— WORK ITEM —
In the data below, find the line with "L Bracket - Anodised BLUE with BLACK logo" and output it along with every later line, exactly, but not the pictures.

— DATA PROVIDED —
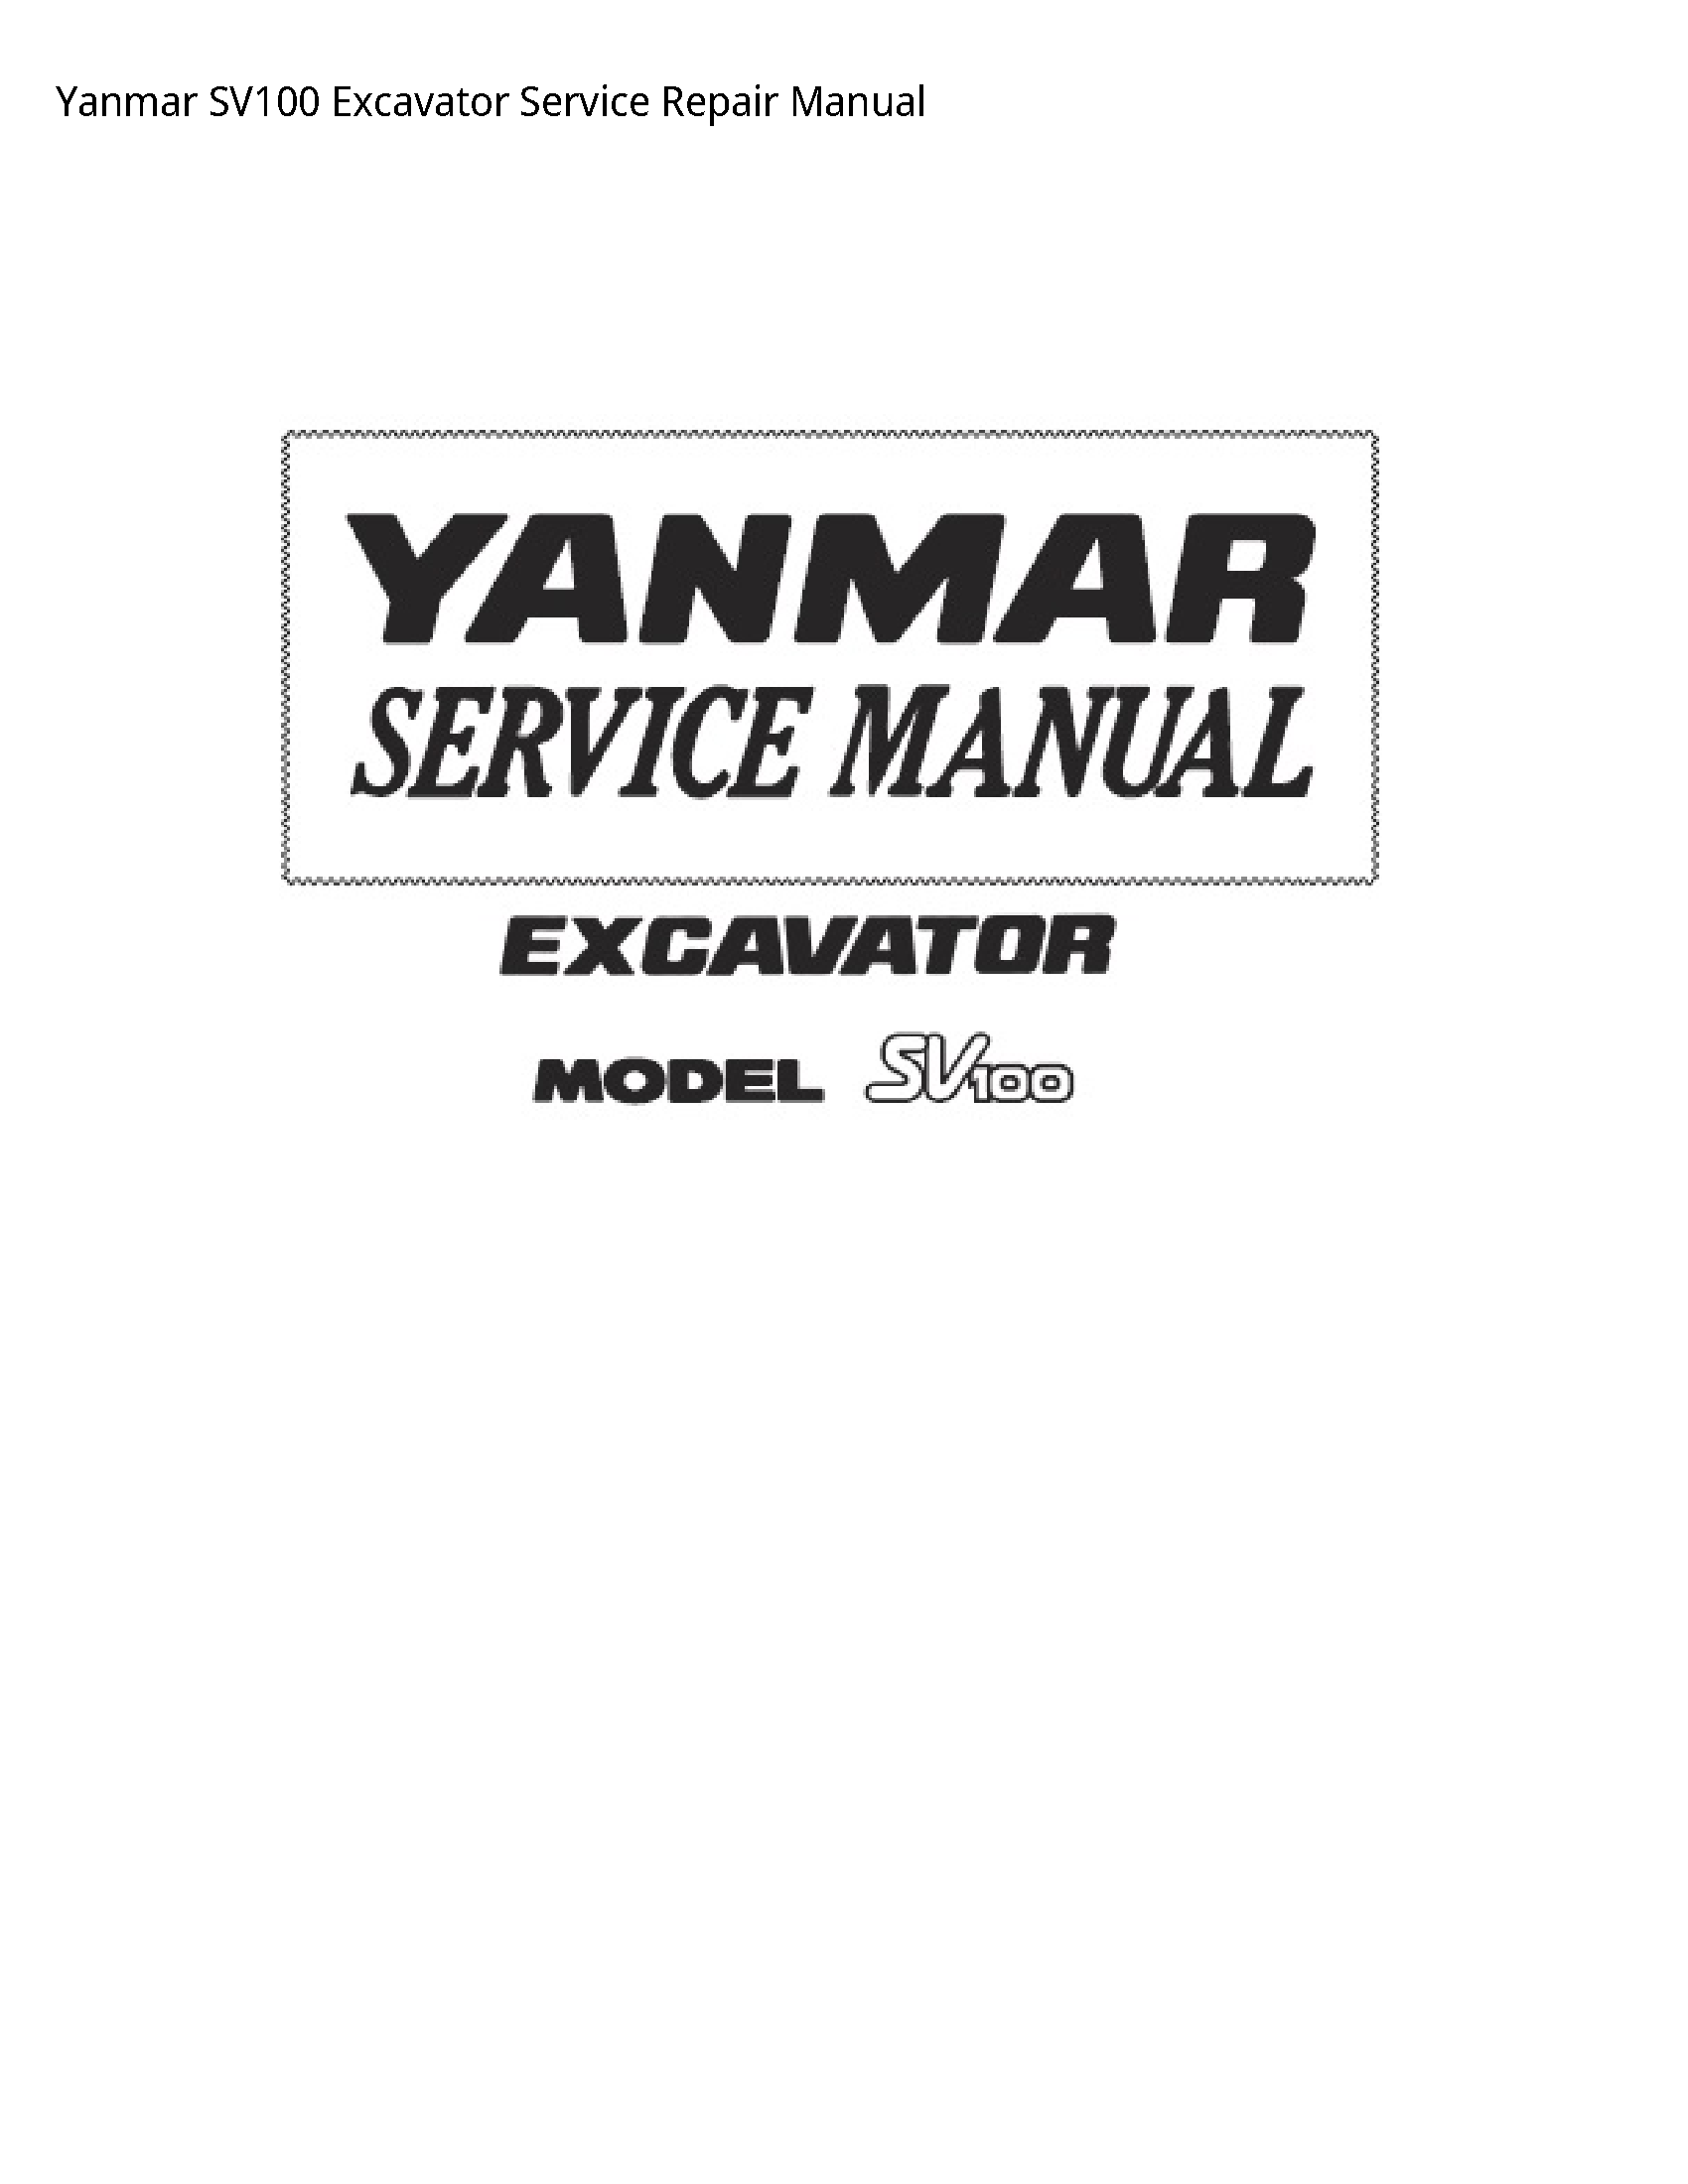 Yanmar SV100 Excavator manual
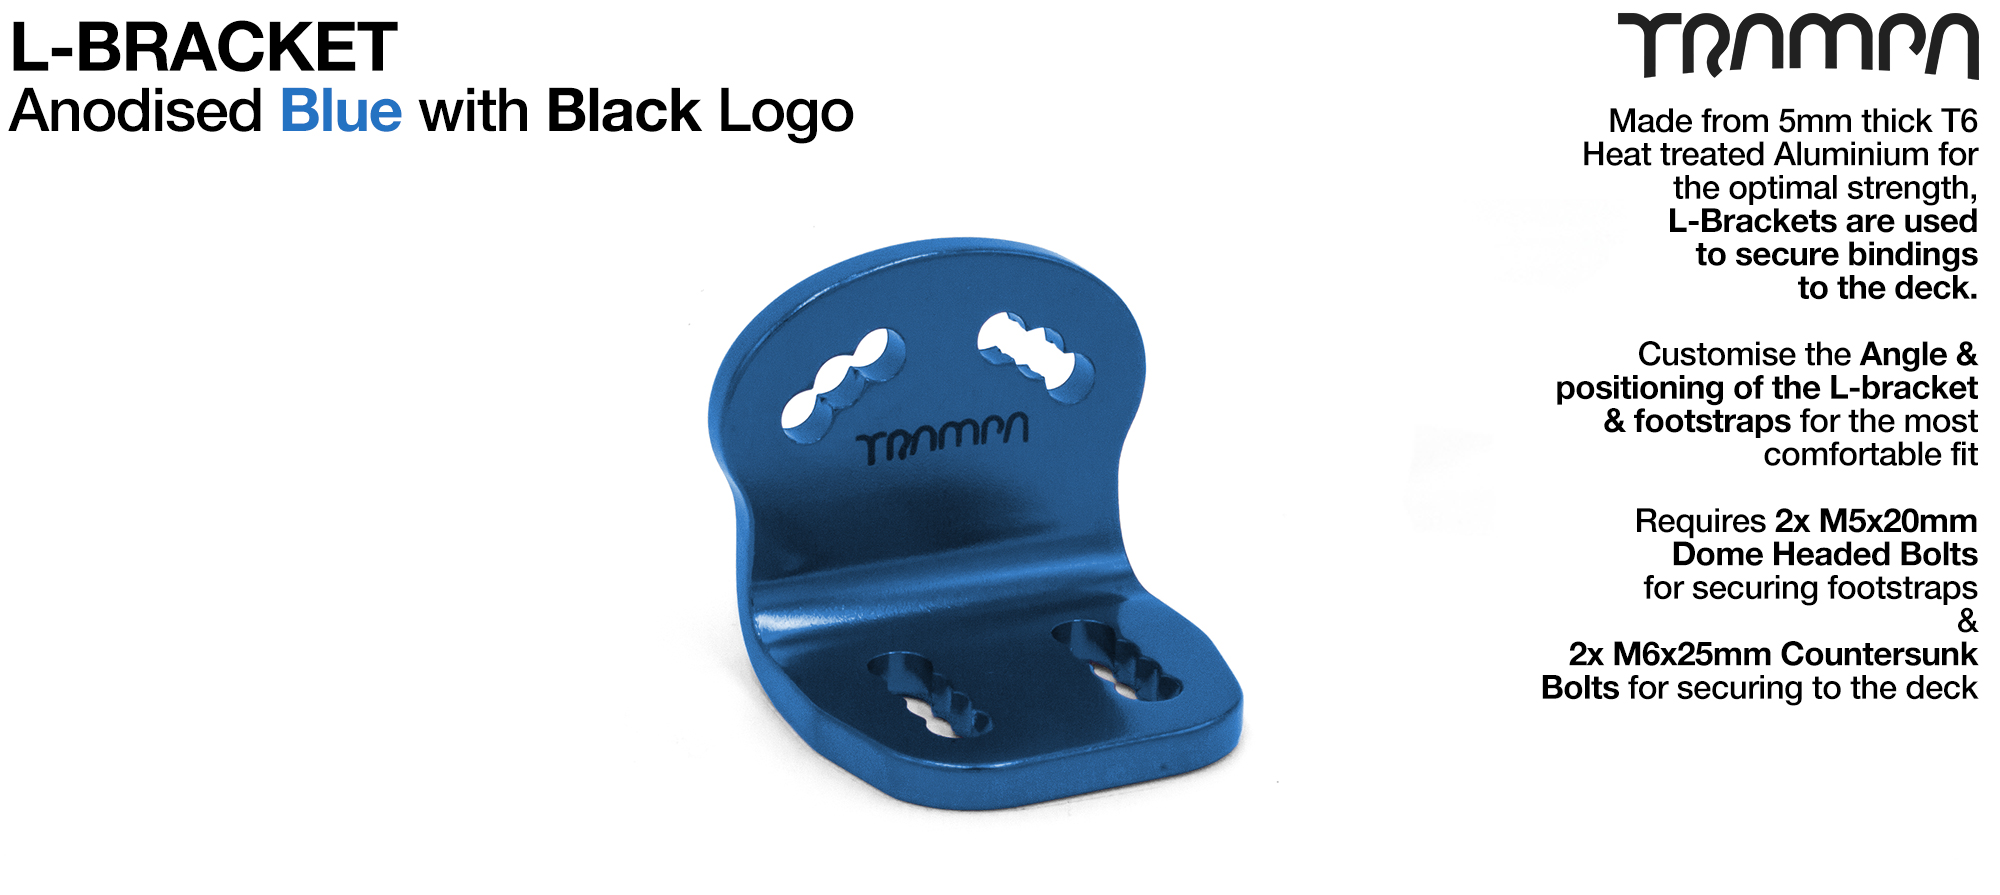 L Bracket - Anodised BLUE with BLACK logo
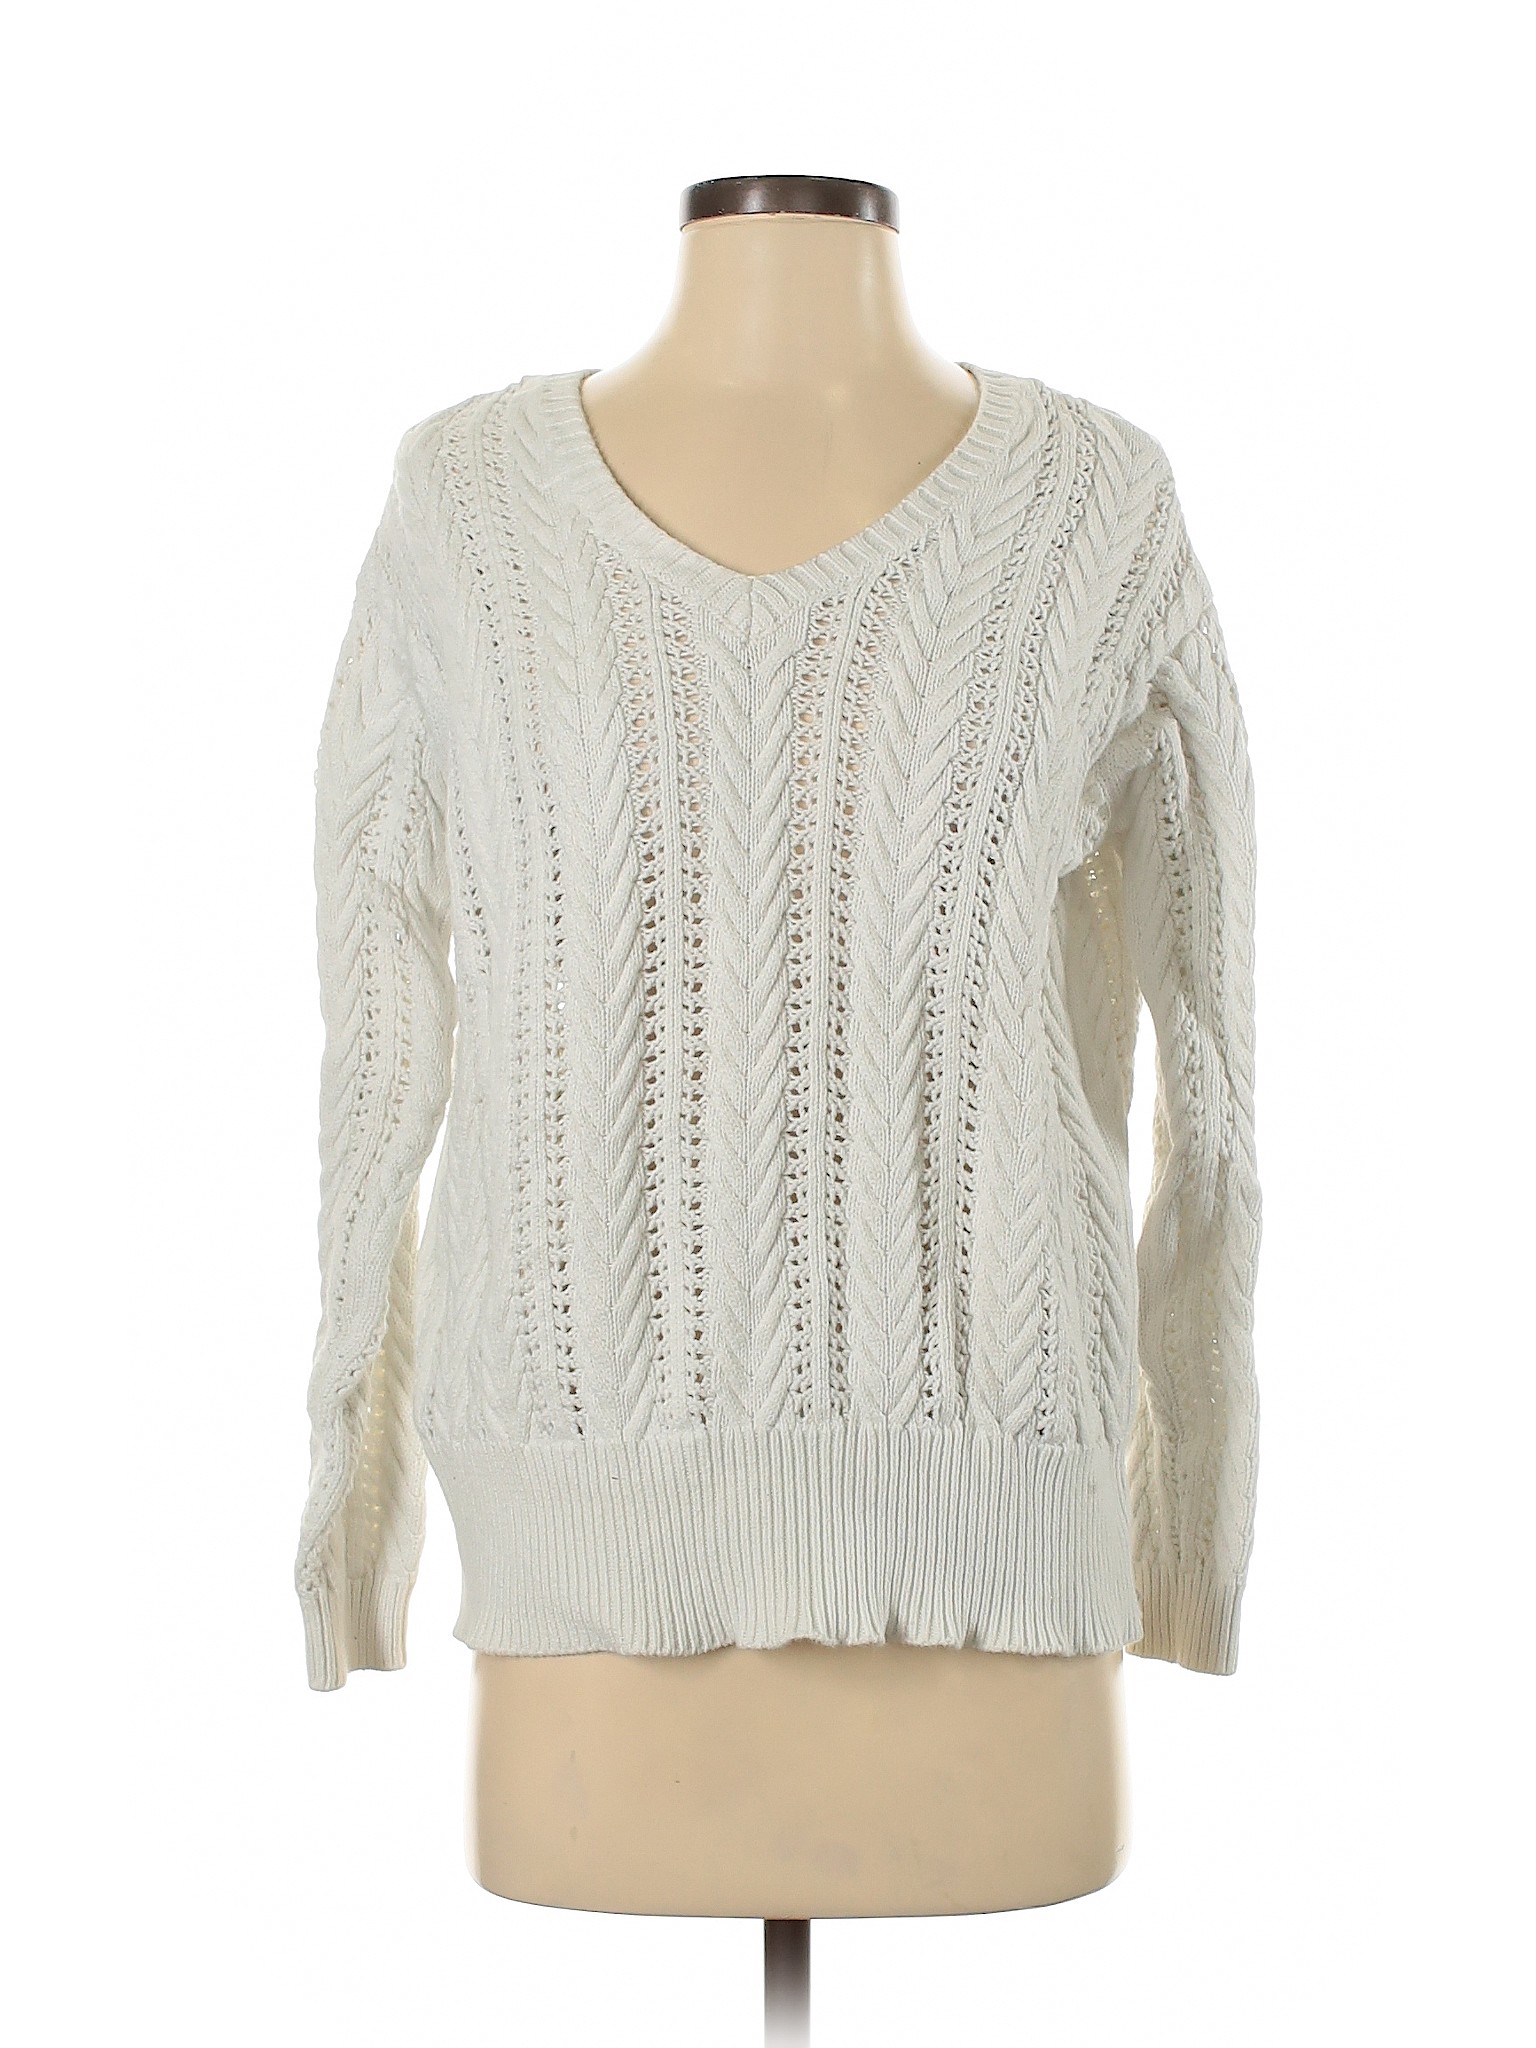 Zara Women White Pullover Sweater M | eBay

— TASK SOLUTION —
 L Bracket - Anodised BLUE with BLACK logo
 Zara Women White Pullover Sweater M | eBay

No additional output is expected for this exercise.